I could generate 4 groups at once in a single pass. I tried this, and while it worked, it had issues. Often the groups would be too easy, or the model would break the rules, generating a group of 5 words or fewer than 4 groups. (Even recent reasoning models struggled with this!)

I finally landed on generating 2 groups of 4 words, then randomly merging 2 of these groups together. This hit a sweet spot in terms of difficulty and the LLM's ability to follow instructions. My belief is that models are good at understanding double meanings but can get stuck when given too large a space of possible words. I also generated a list of seed words (all simple nouns) and instructed the model to use at least one seed word - this improved diversity significantly.

Once I had a dataset, I needed an algorithm and reward function. I started with REINFORCE, then switched to GRPO; in my experiments, GRPO converged more quickly, though both options were fairly stable and produced similar train/test reward scores. For the reward function, I started simple: out of all the correct groupings, how many would the model get in a single-shot setting?
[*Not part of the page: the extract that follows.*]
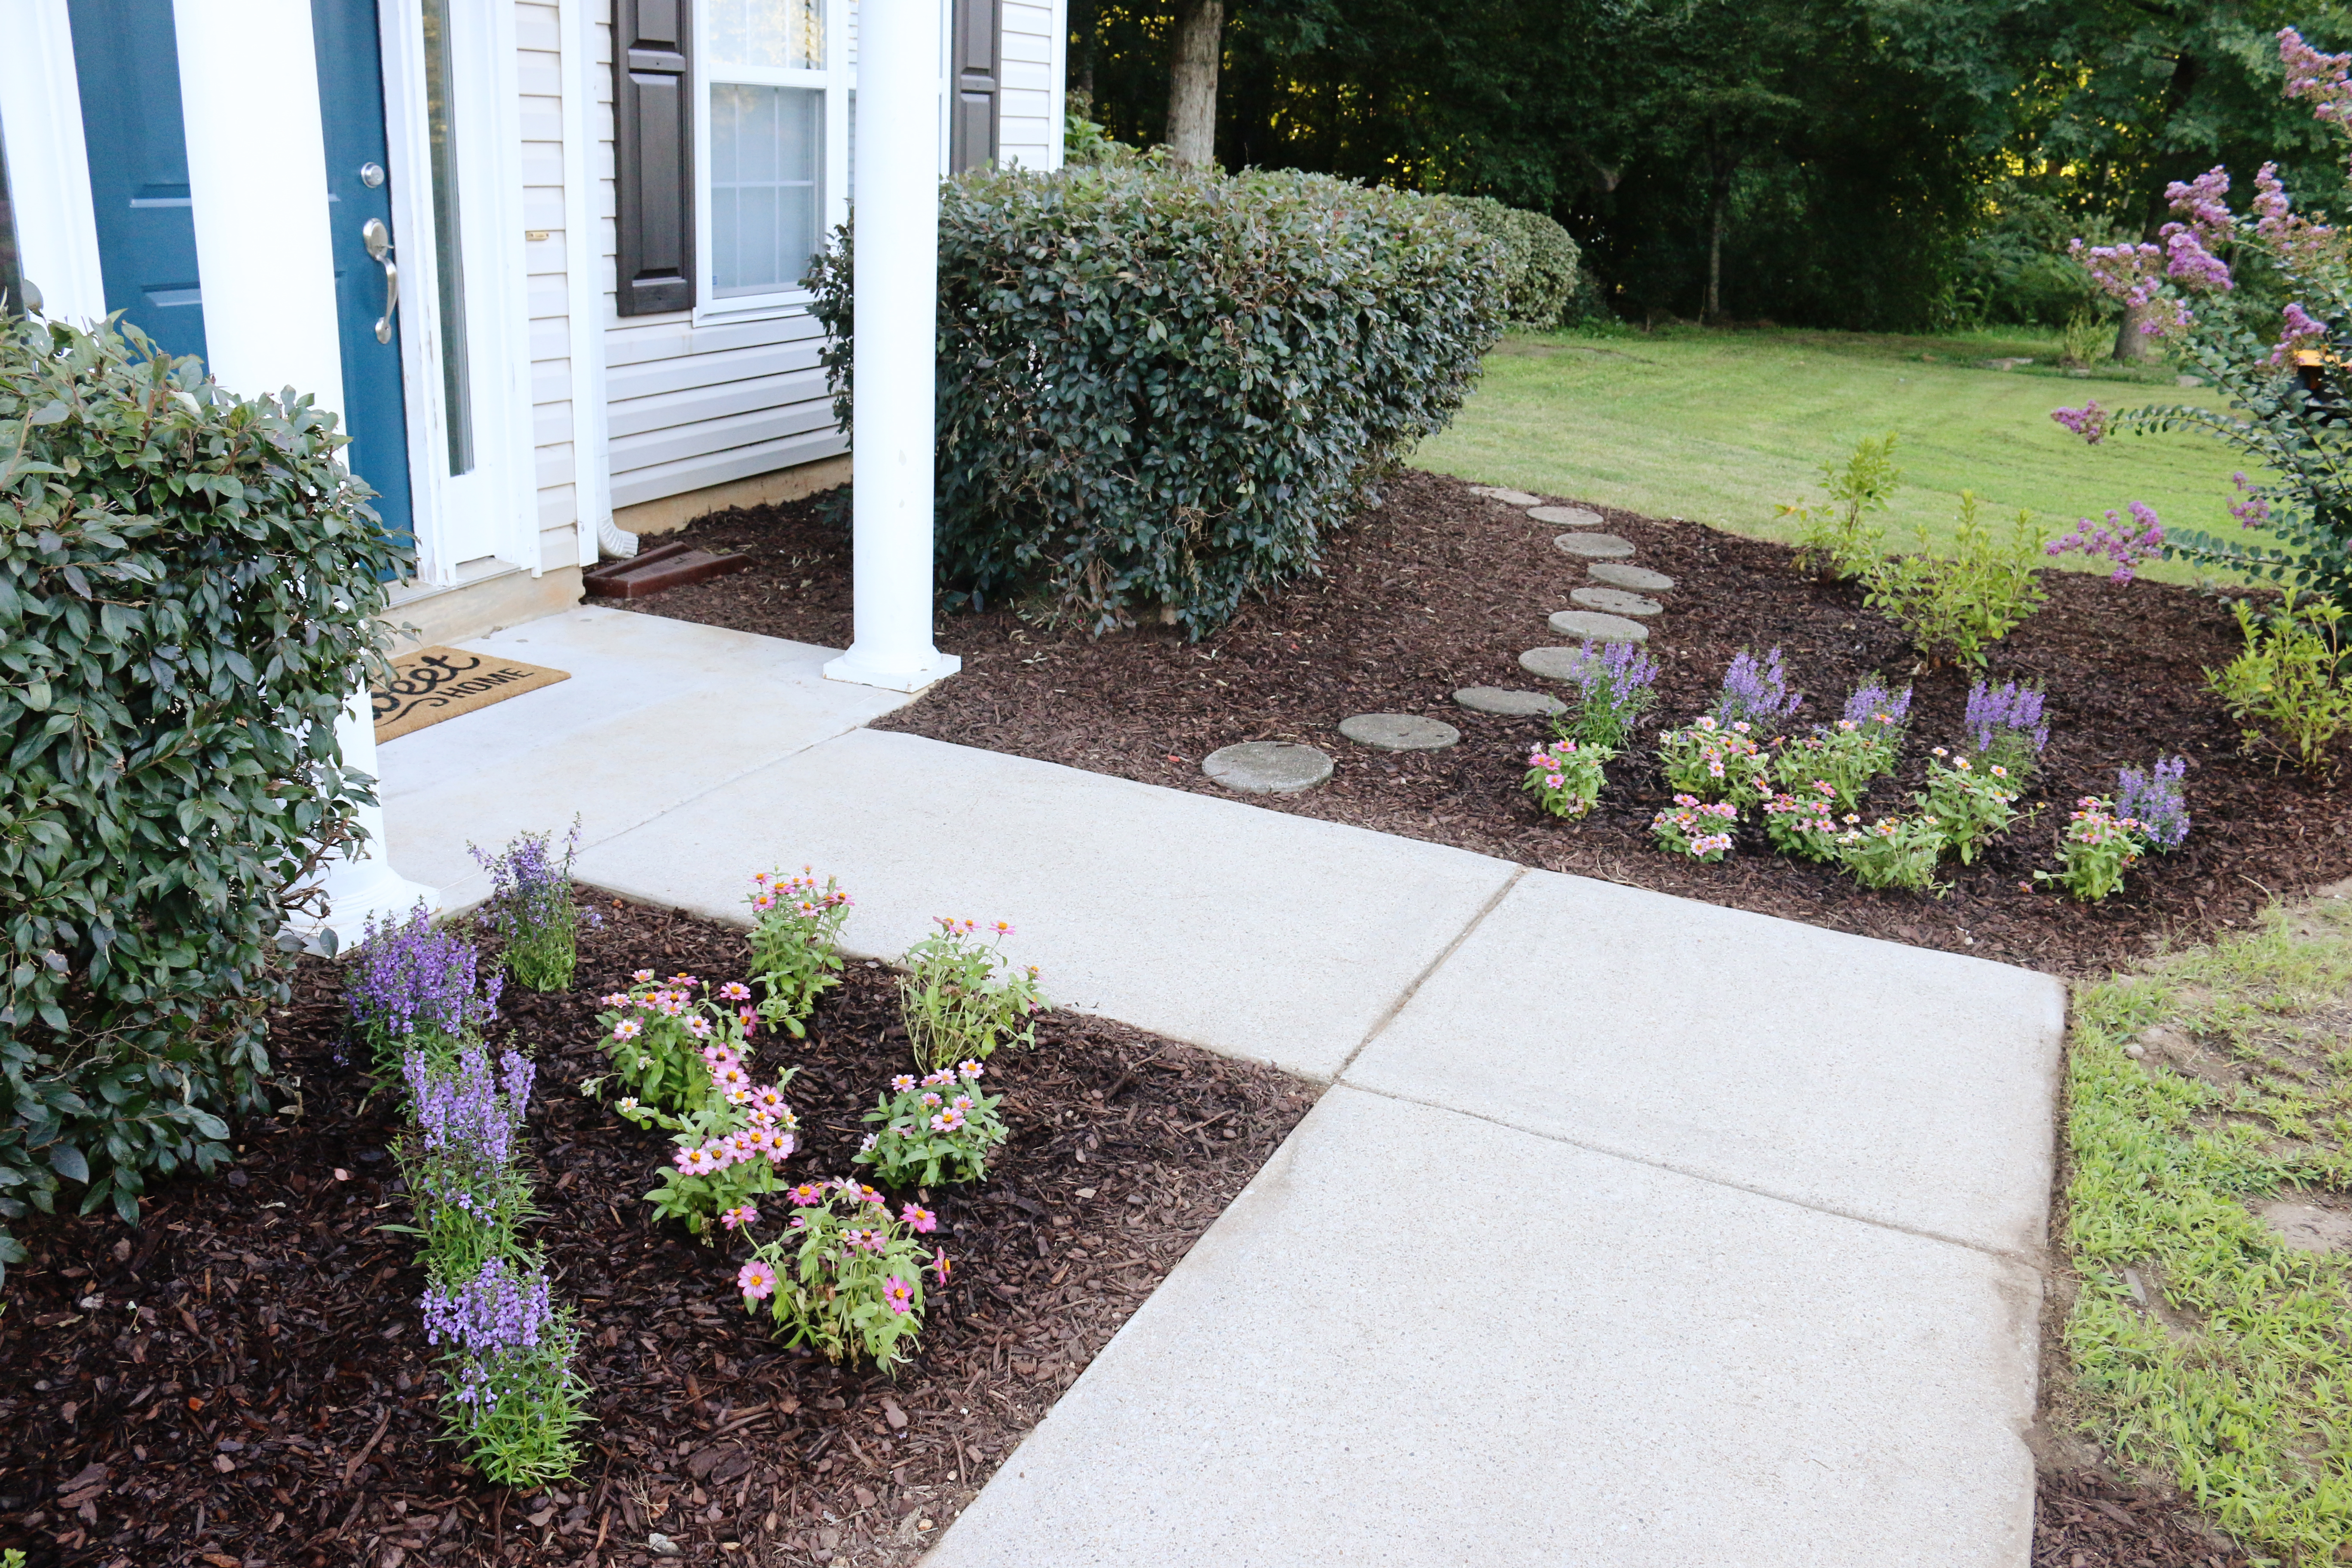 BLACK+DECKER on X: Looking to increase your curb appeal? It's as

The immediate results with a 7B model were surprisingly good - in fact, the model performed so well even within the first ~100 steps that it would get all groupings correct, leading to batches with 0 standard deviation and thus 0 gradient. So I needed to make the questions harder - but this is easier said than done. A good Connections puzzle requires finding 16 words with enough inter-word relationships that the correct groupings aren't obvious, but not so many that the puzzle becomes impossibly difficult. (Even official NYT puzzles can hit these extremes sometimes.) I dramatically increased the number of combinations from ~1k to 10k by simply sampling more combinations and generating more data.
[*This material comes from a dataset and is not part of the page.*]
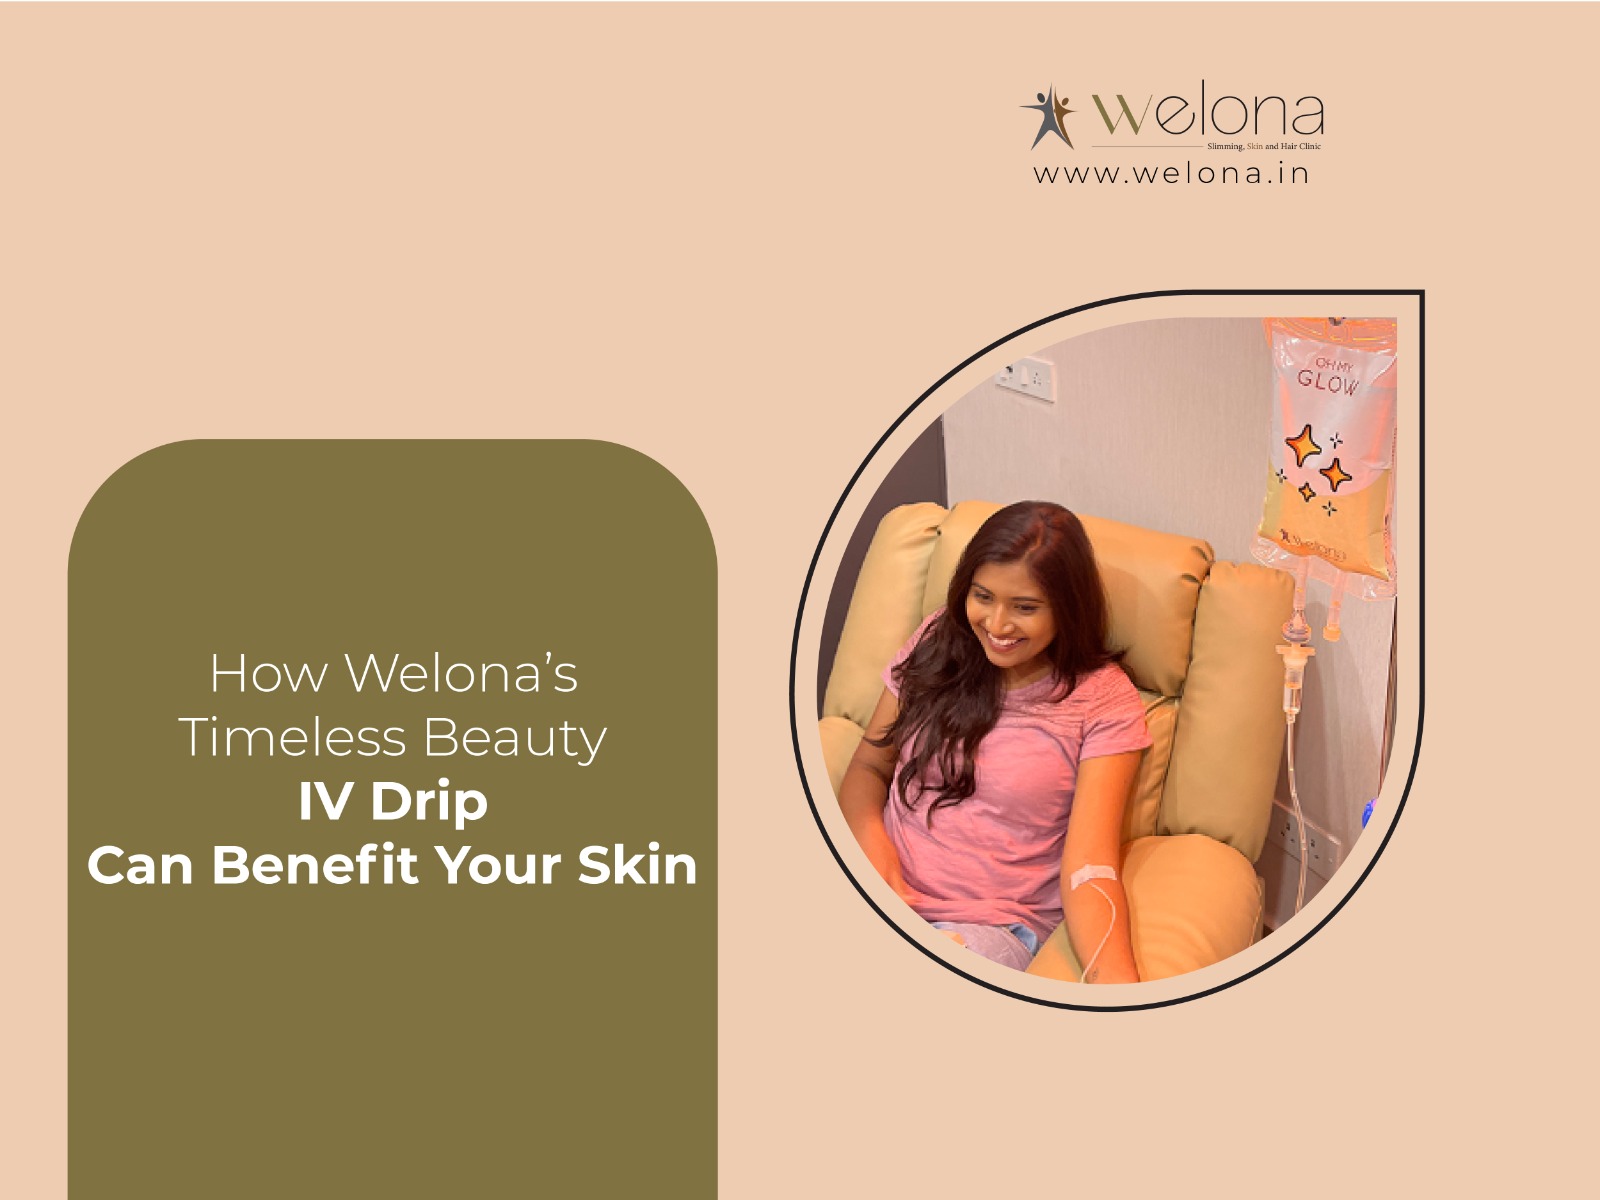 How Welona’s Timeless Beauty IV Drip Can Benefit Your Skin

This allowed training to progress, though it was still fairly slow and prone to collapse if I tweaked hyperparameters much. I added partial rewards - instead of requiring all 4 groups to be correct, I'd reward getting n/4 groups correct. From viewing online generations, I noticed the model tended to generate too many groups or hallucinate words not in the prompt. I began penalizing each of these minor failure modes, but it turned out that simply adding examples of the output format did a better job of keeping the model on track. Anything we can avoid having the model learn during the online RL phase, we should.
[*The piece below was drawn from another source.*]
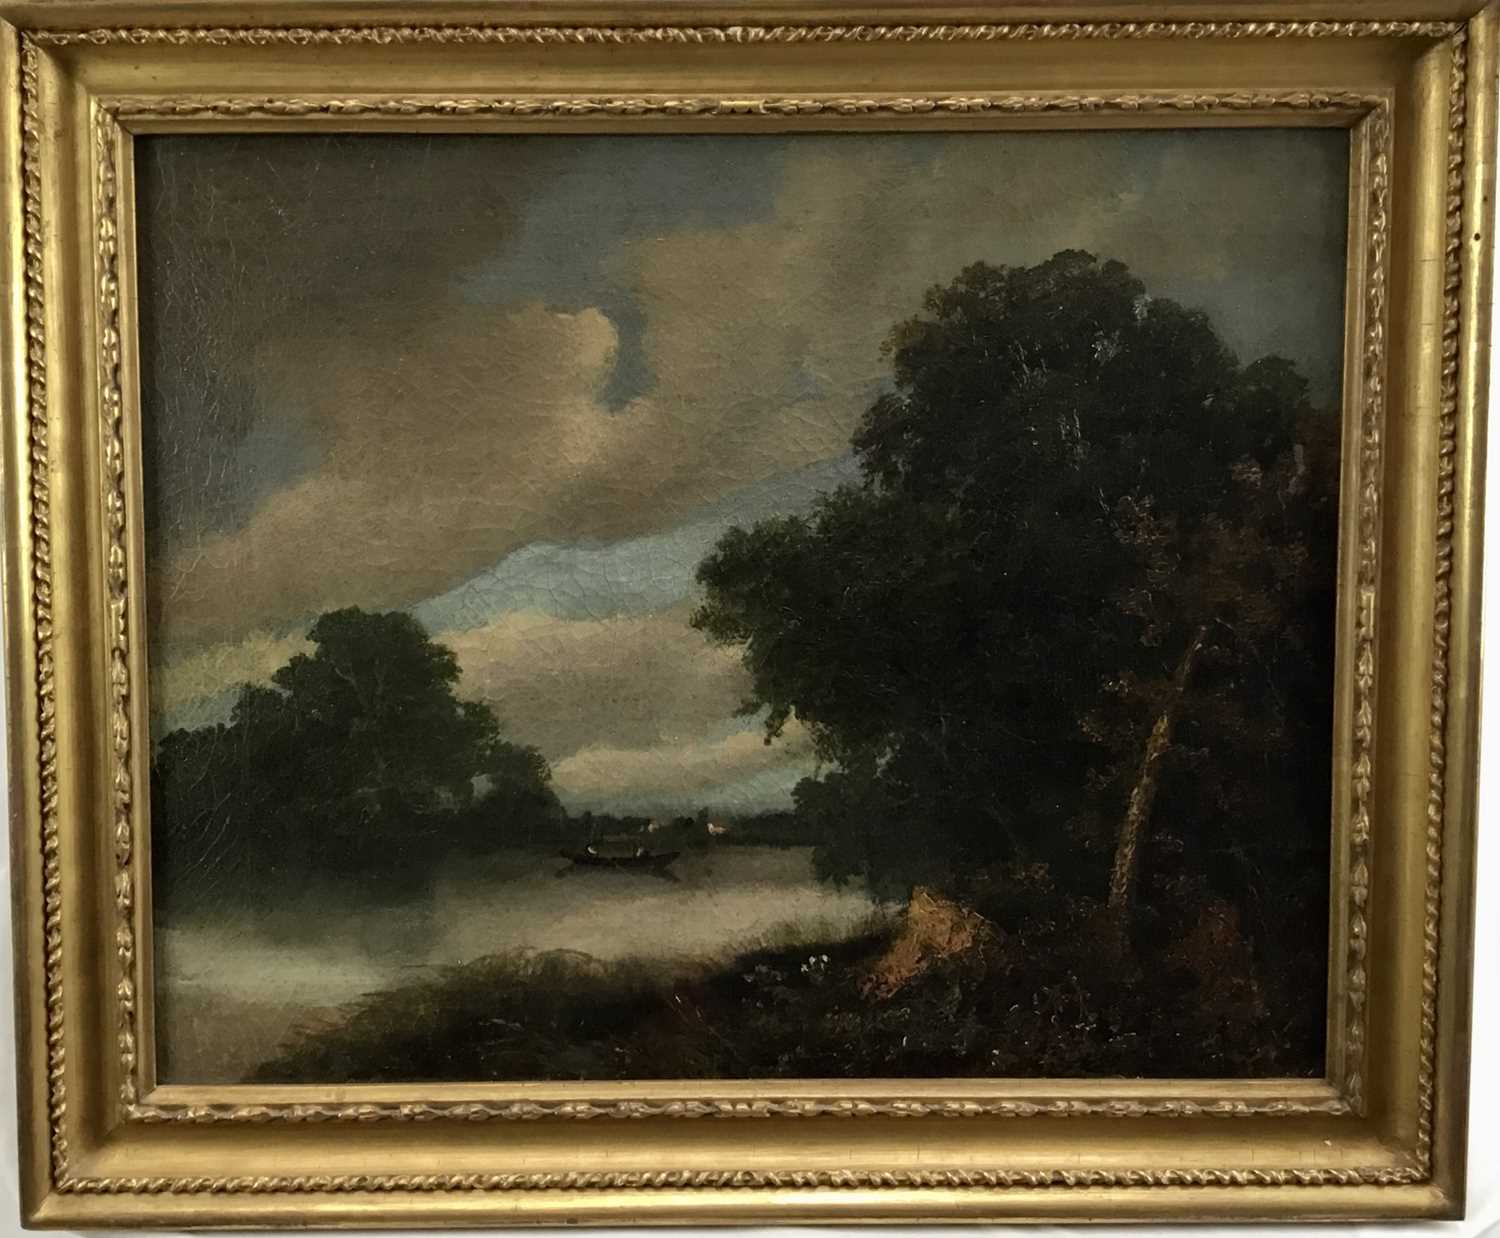 Lot 10 - oil on canvas landscape with fishermen in boat on a lake and village beyond, 52cm x 42cm in gilt frame

initial scores The initial benchmark results from the first trained checkpoint.

After reaching a good baseline - where reward saturated and evals showed results within ~10% on my holdout set - I wondered if I could reduce the base model size and still get good results. So I chose a much smaller model - the 500m parameter Qwen-3 variant - and started trying things.

Another technique I explored was hyperparameter scheduling. I see this as performing a role similar to epsilon-greedy - as the model learns to select actions more effectively, we want to increase the chance that it'll explore parts of the state space it hasn't seen before. In the case of an LLM, however, we also need to adjust the task given to the model, as we're conditioning the 'environment' (the tokens generated during inference) on said task. To that end, I added a temperature schedule based on the current reward standard deviation - increasing temperature as std decreases - and also recorded the difficulty of the current steps (i.e., the average reward) so that we could re-use those samples as needed later in the training process. With these tricks, we're able to solidly beat both the 7B model and a good number of frontier offerings.

benchmark scores

The benchmark results from the last, optimized model, versus frontier models at the time of writing.

I was impressed by how far these small LMs can be pushed on tasks that are considered difficult for frontier models, with careful application of RL. I learned a lot working on this, and I'm excited to see what other capabilities are hidden within smaller models, waiting to be revealed.

The code for this project is available on GitHub here, and the fine-tuned checkpoint is up on HuggingFace here. I'm happy to provide eval results and datasets upon request.